DynamoRIO / dynamorio

Dynamic Instrumentation Tool Platform
Other
2.67k stars 563 forks source link

TestMemProtChg_FLAKY fails assertion is_readable_without_exception_try(pc, 1) #2554

Open fhahn opened 7 years ago

fhahn commented 7 years ago

This test fails consistently on the AArch64 nightly build machine. It hits the following assertion:

<../build_debug-internal-64/suite/tests/bin/security-common.TestMemProtChg_FLAKY (7354).

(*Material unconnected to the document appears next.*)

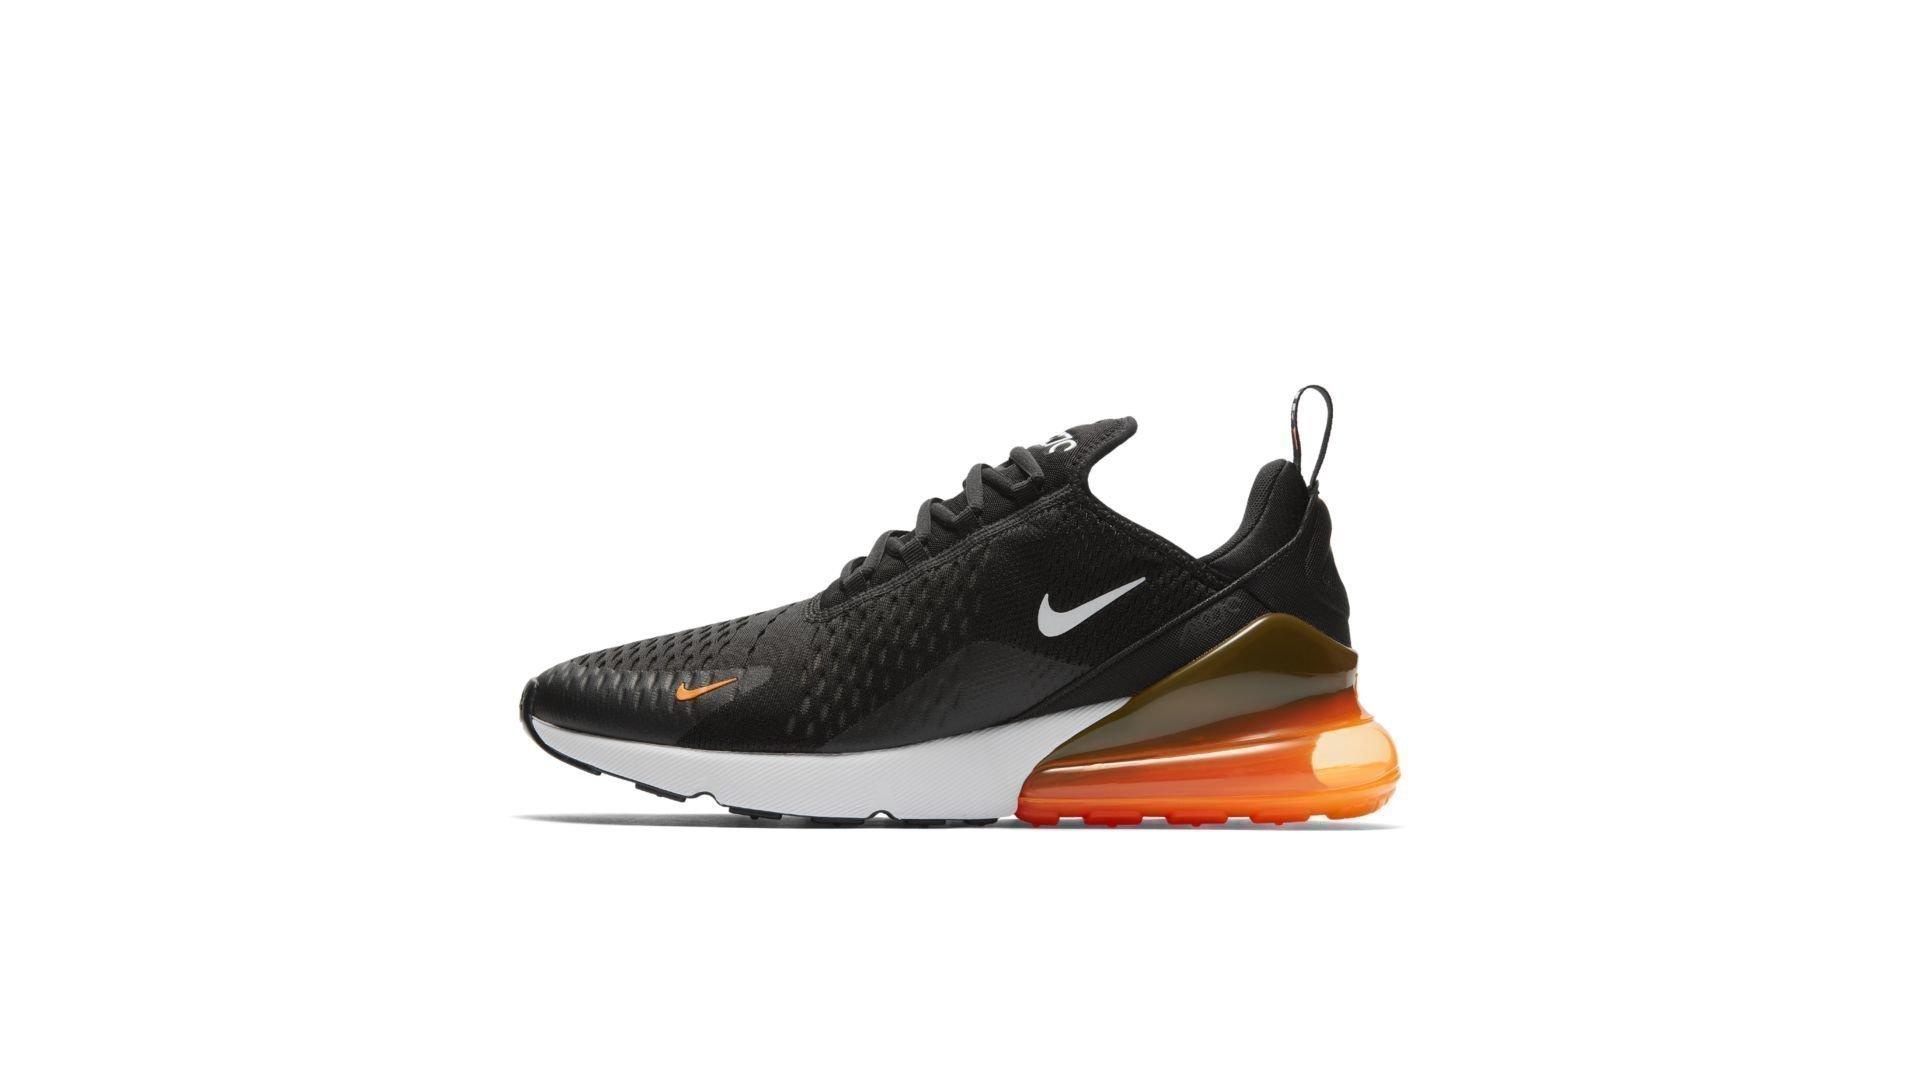 Nike Air Max 270 'Just Do It' Black (AH8050-014)

Internal Error: DynamoRIO debug check failure: ../src/core/vmareas.c:8201 is_readable_without_exception_try(pc, 1)

http://dynamorio.org/CDash/testDetails.php?test=322307&build=26586 http://dynamorio.org/CDash/testDetails.php?test=321619&build=26542 http://dynamorio.org/CDash/testDetails.php?test=311514&build=26014

As @egrimley said in #2417, it seems like this test only fails on certain AArch64 implementations. On a system using a different AArch64 implementation to the nightly builder, the test consistently passes.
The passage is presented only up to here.